OOM provides back pressure. Back pressure is much more reliable and responsive than, e.g., relying on magic constants for what kind of load you _think_ can be handled.

nnethercote · on Aug 20, 2016

> Firefox will all pretty much just crash if malloc() fails

It's not nearly as simple as that. A general approach we try to use is the following.

- Small allocations are infallible (i.e. abort on failure) because if a small allocation fails you're probably in a bad situation w.r.t. memory.

- Large allocations, especially those controlled by web content, are fallible.

The distinction between small and large isn't clear cut, but anything over 1 MiB or so might be considered large. You certainly don't want to abort if a 100 MiB allocation fails, and allocations of that size aren't unusual in a web browser.

wahern · on Aug 20, 2016

That approach may make sense on the desktop, but it doesn't make sense for network servers. On a network server allocations tend to be small.
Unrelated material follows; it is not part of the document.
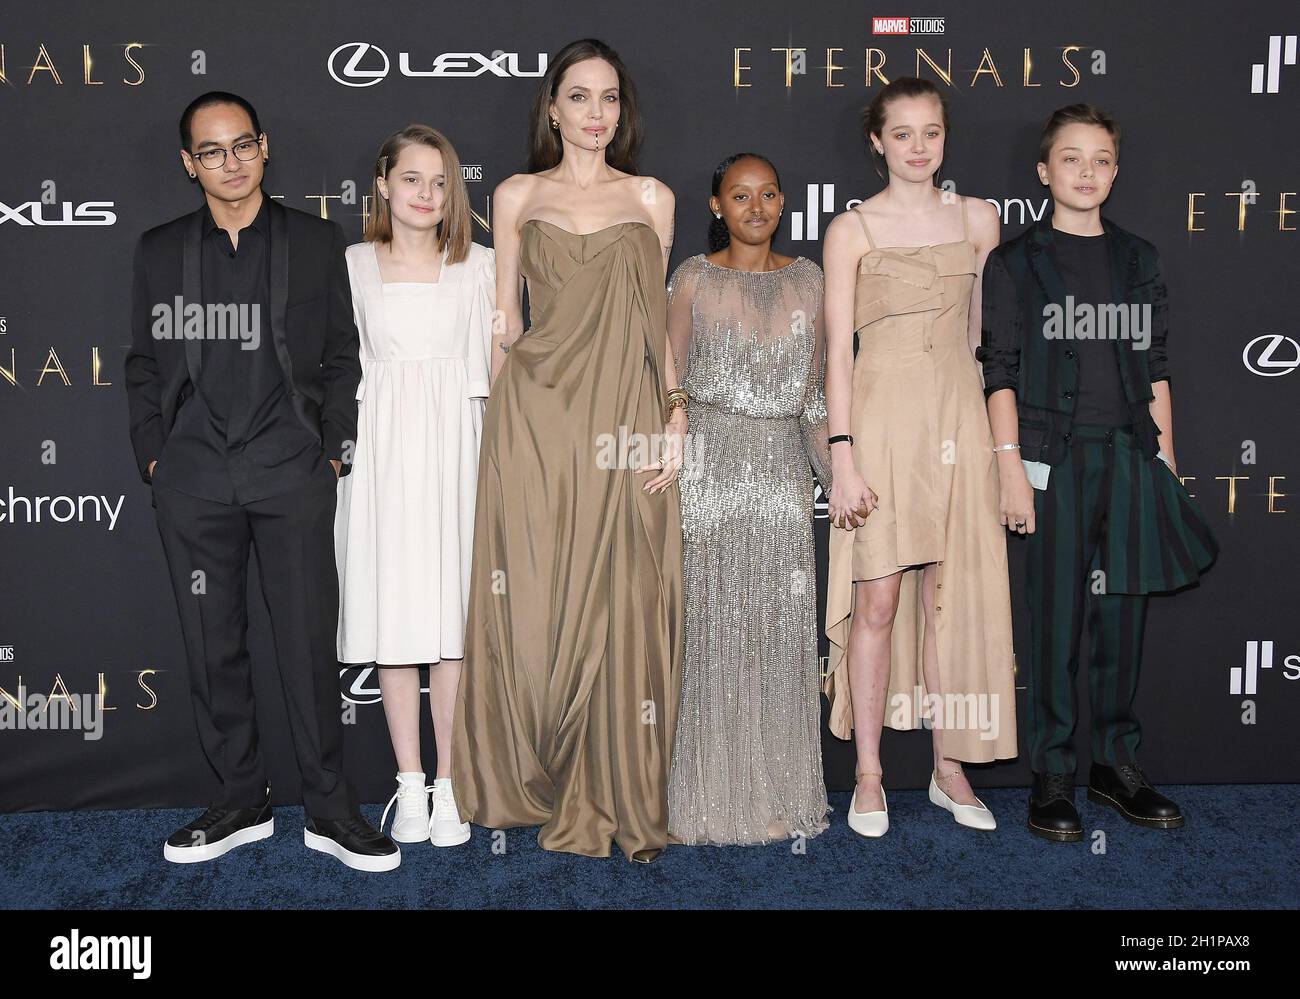 Los Angeles, USA. 18th Oct, 2021. (L-R) Maddox Jolie-Pitt, Vivienne Jolie-Pitt, Angelina Jolie, Zahara Jolie-Pitt, Shiloh Jolie-Pitt and Knox Jolie-Pitt at Marvel Studios' ETERNALS Los Angeles Premiere held at The DolbyTheater in Hollywood, CA on Monday, ?October 18, 2021. (Photo By Sthanlee B. Mirador/Sipa USA) Credit: Sipa USA/Alamy Live News Stock Photo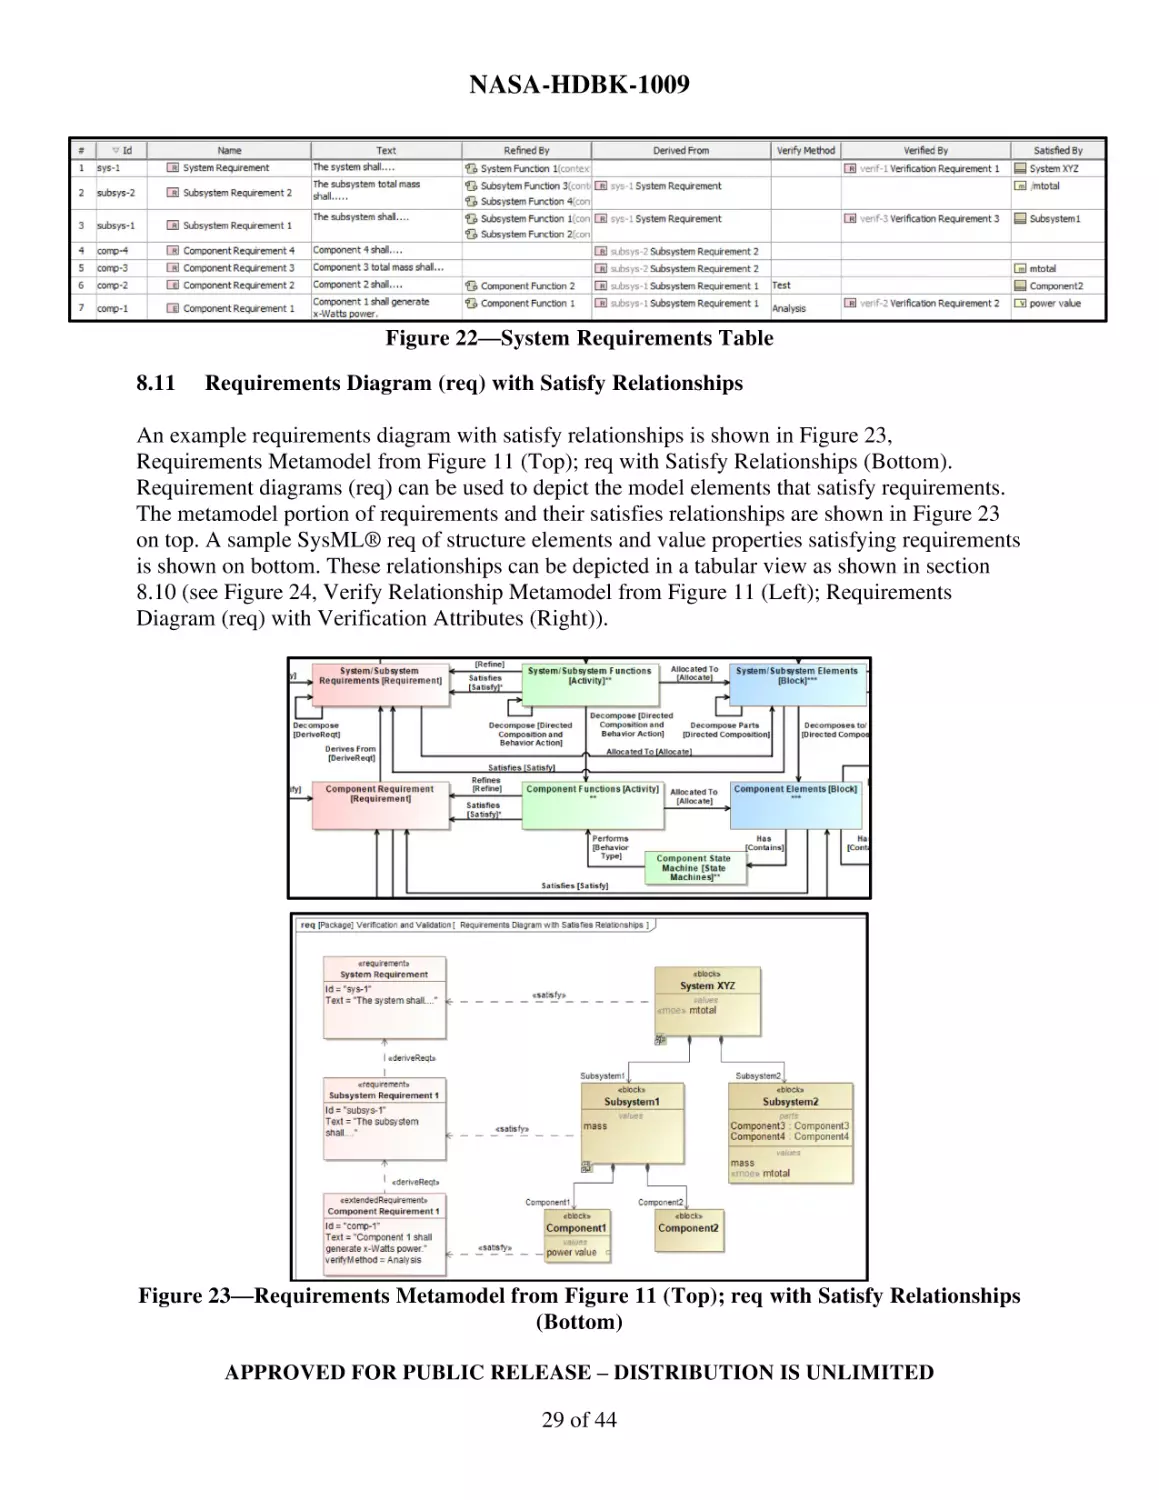 8.11 Requirements Diagram (req) with Satisfy Relationships

Your 10,001st request might fail not because of a huge allocation but because it just pushed you over the line.

Aborting all 10,000 requests provides really poor QoS. You can get away with that if you're Google, because 10,000 requests is still miniscule relative to your total load across "the cloud". For almost everybody else it will hit hard, and among other things makes you more susceptible to DoS.

pcwalton · on Aug 20, 2016

So, to be clear, you're implying that you shouldn't write network services in Python, Ruby, PHP, Go, Java in practice [1], Perl, C++ without exceptions, JavaScript, etc. etc.?

[1]: http://stackoverflow.com/questions/1692230/is-it-possible-to...